On peine à y croire mais Pixar perd beaucoup d’argent à ses débuts. Steve Jobs finit même par s’en désintéresser…

Pixar à ses débuts créait des stations de travail (l’ordinateur Pixar, justement) et développait des logiciels pour les effets spéciaux (Renderware par exemple). Catmull et Lasseter produisaient en parallèle des courts-métrages, ce que Steve Jobs [et avant lui George Lucas, ndlr] considérait comme une perte de temps. Mais au fur et à mesure des années, le département informatique ne vend plus rien et seul subsistent les courts-métrages et autres publicités, ce qui ennuyait Jobs. Il faut aussi savoir que Jobs avait un très mauvais caractère et hurlait souvent sur Catmull. Il va y avoir une sorte de compétition entre Pixar (qu’Eisner n’a jamais aimé… C’est grâce à Katzenberg que la compagnie a travaillé avec Disney) et les films d’animations Disney – les films Disney rapportant de moins en moins d’argent tandis que Pixar grandira au fur et à mesure. La première action de Bob Iger [un ancien précisent du groupe médiatique CapCities racheté par la Walt Disney Company en 1996, ndlr] lorsqu’il prend la présidence de Disney en 2005 sera d’acheter Pixar et de l’incorporer définitivement aux studios.
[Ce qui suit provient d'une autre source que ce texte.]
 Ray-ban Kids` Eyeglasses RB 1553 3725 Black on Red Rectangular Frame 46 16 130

Quel héritage de ce second âge d’or assument aujourd’hui les studios Disney ? Quel regard portez-vous sur ses nouvelles productions ?
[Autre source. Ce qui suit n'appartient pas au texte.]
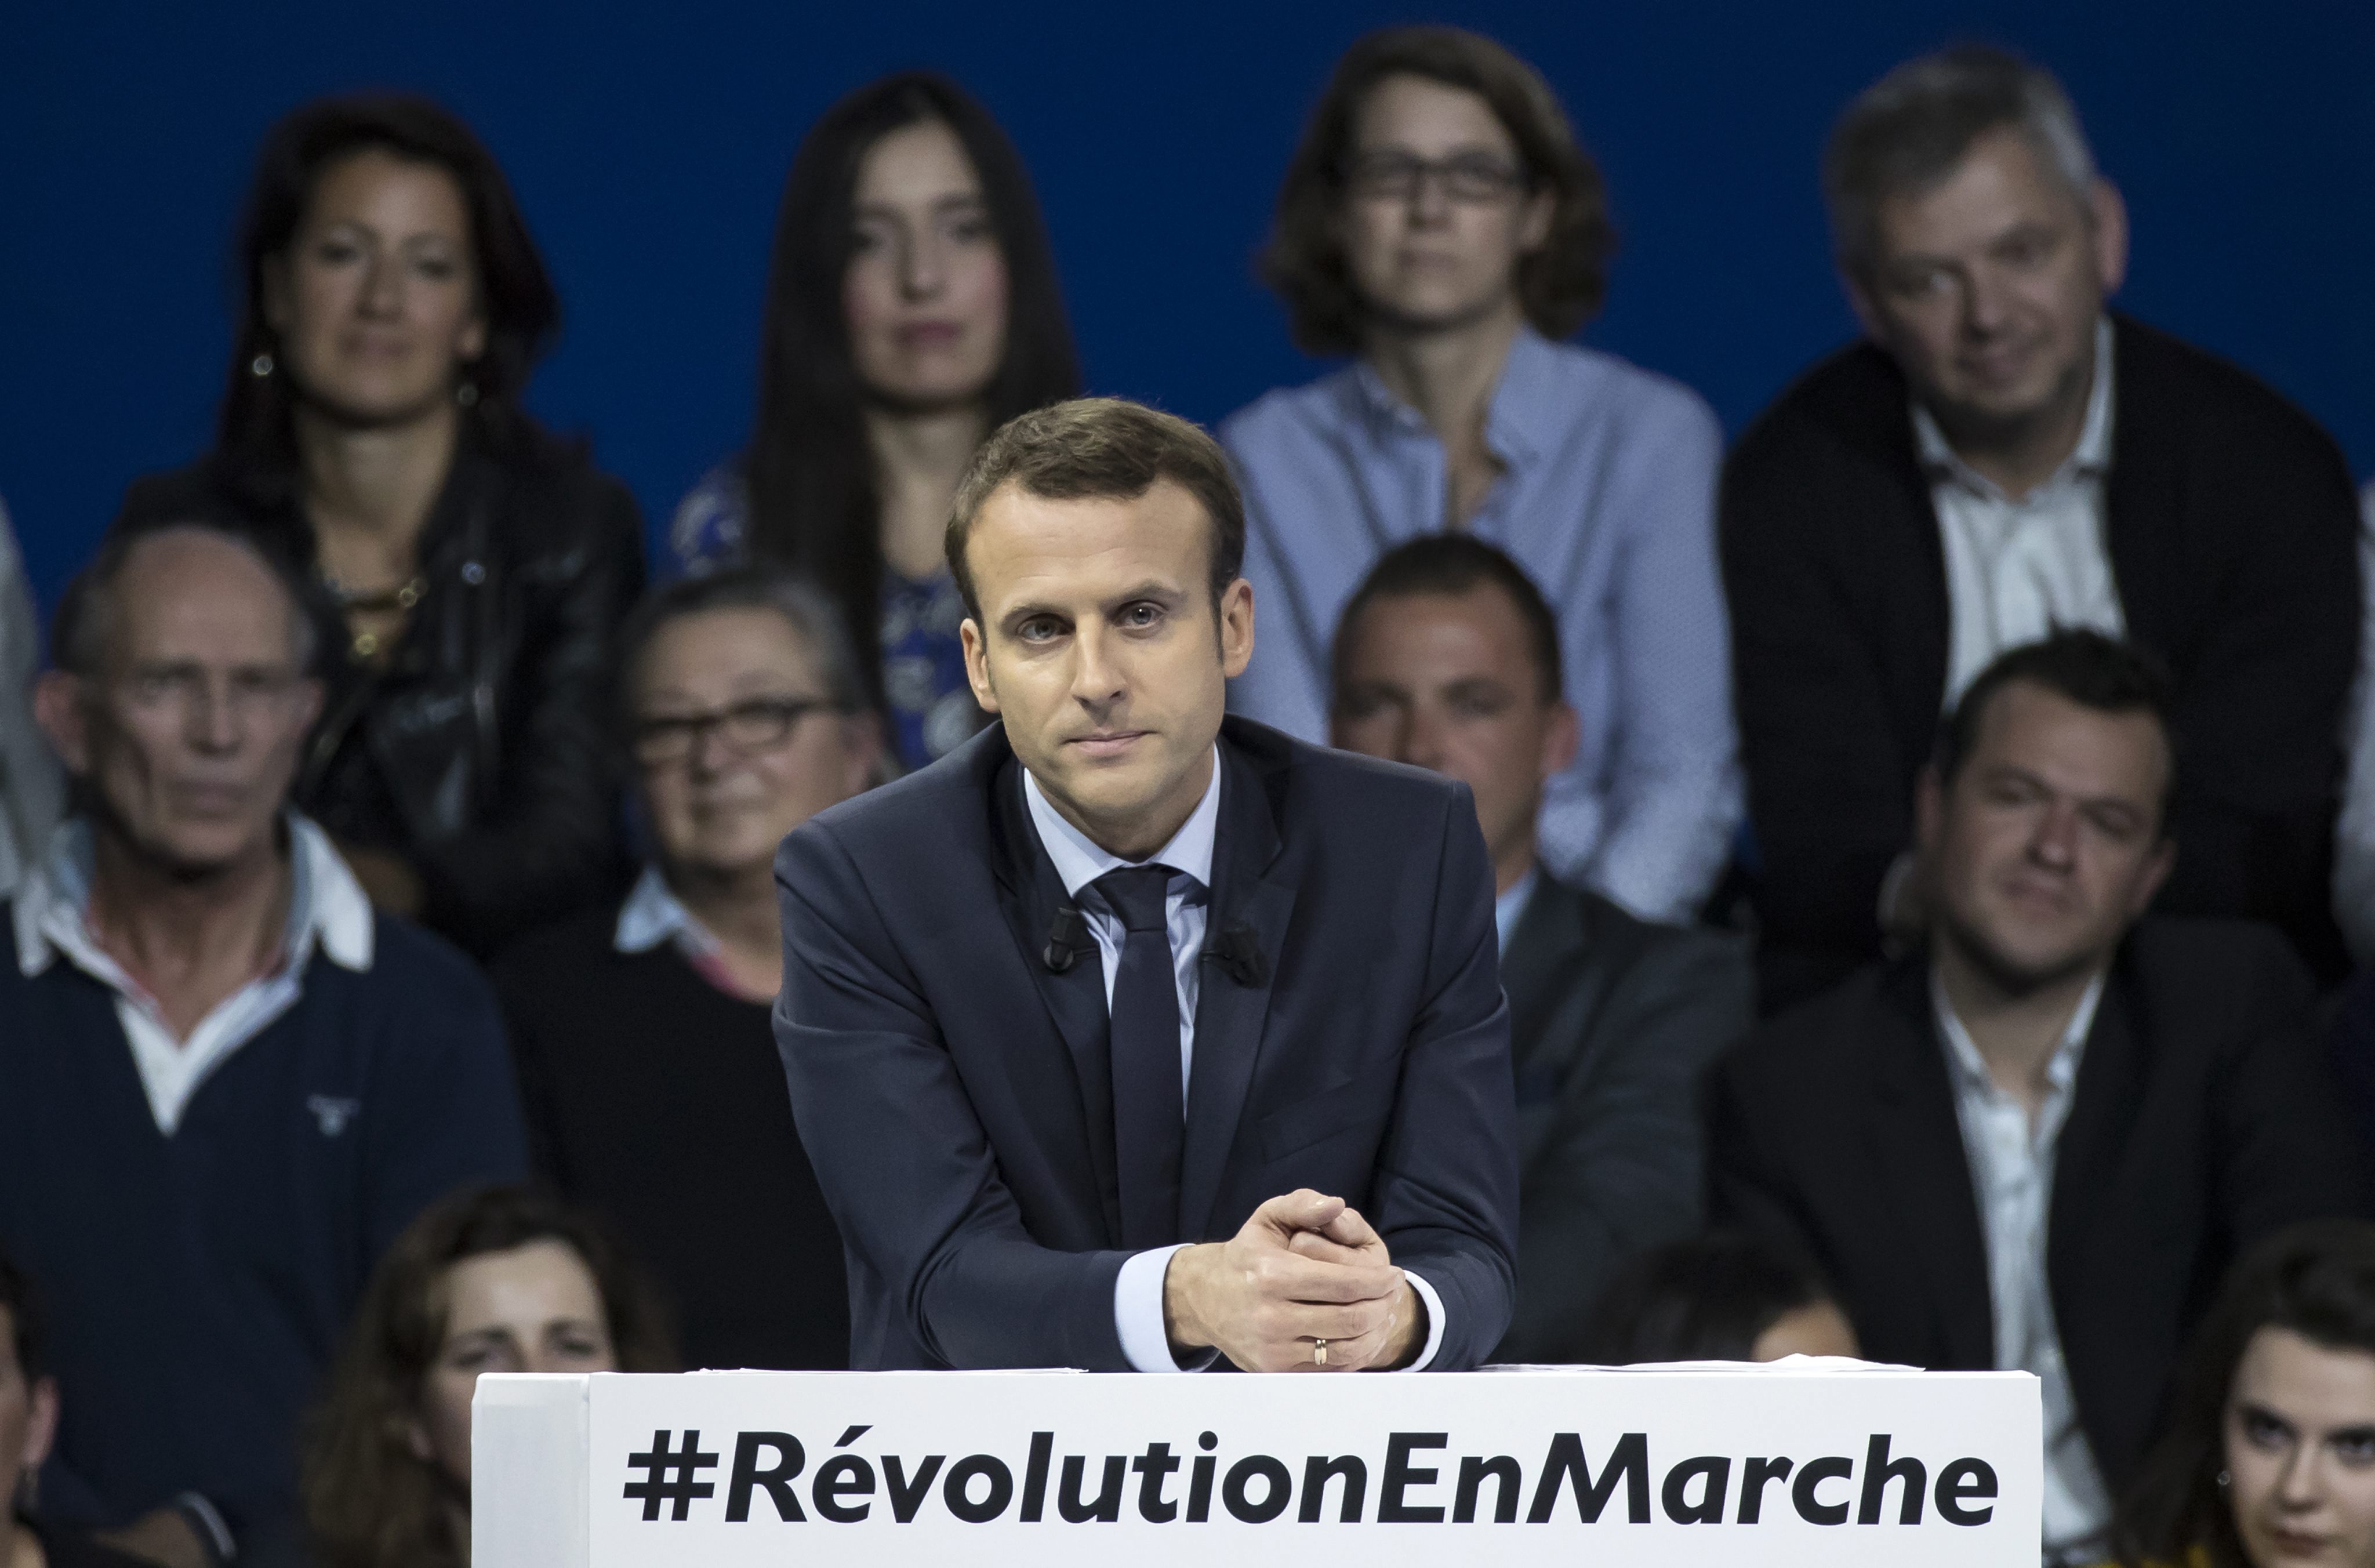 De euro is over tien jaar verdwenen als er geen flinke hervormingen komen. Dat zegt Emmanuel Macron, de voormalige Franse minister van Economische Zaken die zich nu verkiesbaar heeft gesteld als presidentskandidaat. Volgens Macron profiteert Duitsland te veel van de euro ten koste van de zwakkere lidstaten.

Je dirais l’héritage des comédies musicales d’Ashman. Mais soyons lucides, Disney actuellement voit surtout les films du second âge d’or comme un moyen de se faire de l’argent grâce aux remakes. Aujourd’hui, j’ai l’impression qu’Iger et Bob Chapek [l’actuel PDG de la Walt Disney Company depuis le départ d’Iger en février 2020 a fait ses classes chez Buena Vista Home Entertainment, ndlr] considèrent les productions animées comme la dernière roue du carrosse, étant surtout focalisés sur les univers Marvel et Star Wars. En gros, j’ai le sentiment qu’on se retrouve au même niveau que lorsqu’Eisner était arrivé à Disney en 1984 et voulait fermer le studio. J’espère me tromper.

* Propos recueillis par mail, en janvier 2021.